Task prompt
Exactly as written, transcribe the lines that run from the one containing "Foto: Zbyszko Siemaszko." to the end of the records below.
*** Information provided Section Begins ***
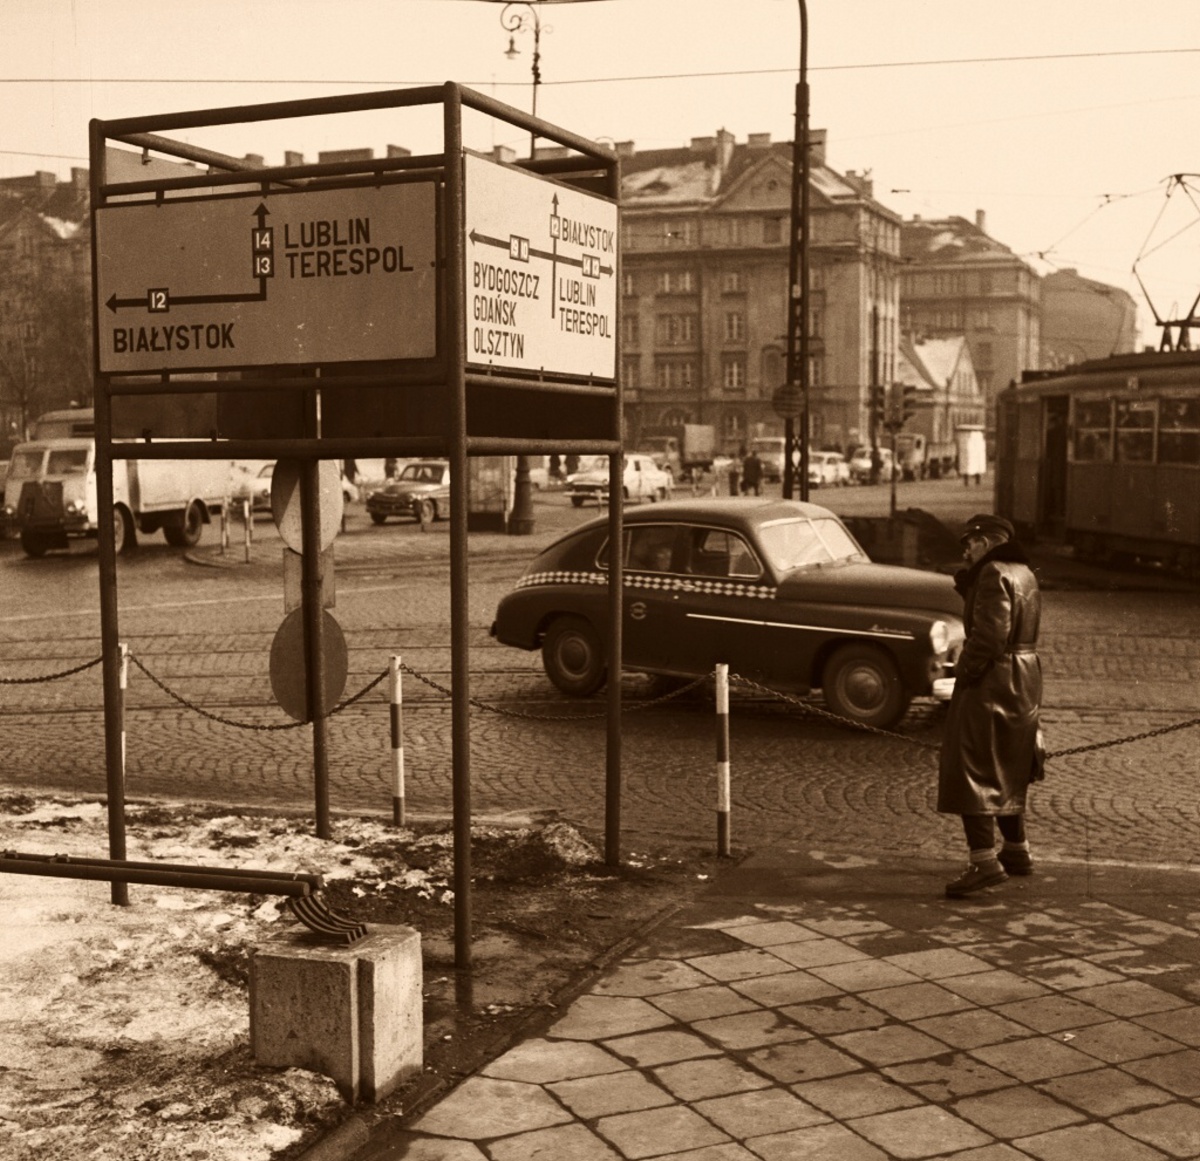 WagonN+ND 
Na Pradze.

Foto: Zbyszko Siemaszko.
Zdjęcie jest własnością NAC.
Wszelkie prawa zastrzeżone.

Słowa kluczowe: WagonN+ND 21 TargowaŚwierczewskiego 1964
*** Information provided Section Ends ***
Result
Foto: Zbyszko Siemaszko.
Zdjęcie jest własnością NAC.
Wszelkie prawa zastrzeżone.

Słowa kluczowe: WagonN+ND 21 TargowaŚwierczewskiego 1964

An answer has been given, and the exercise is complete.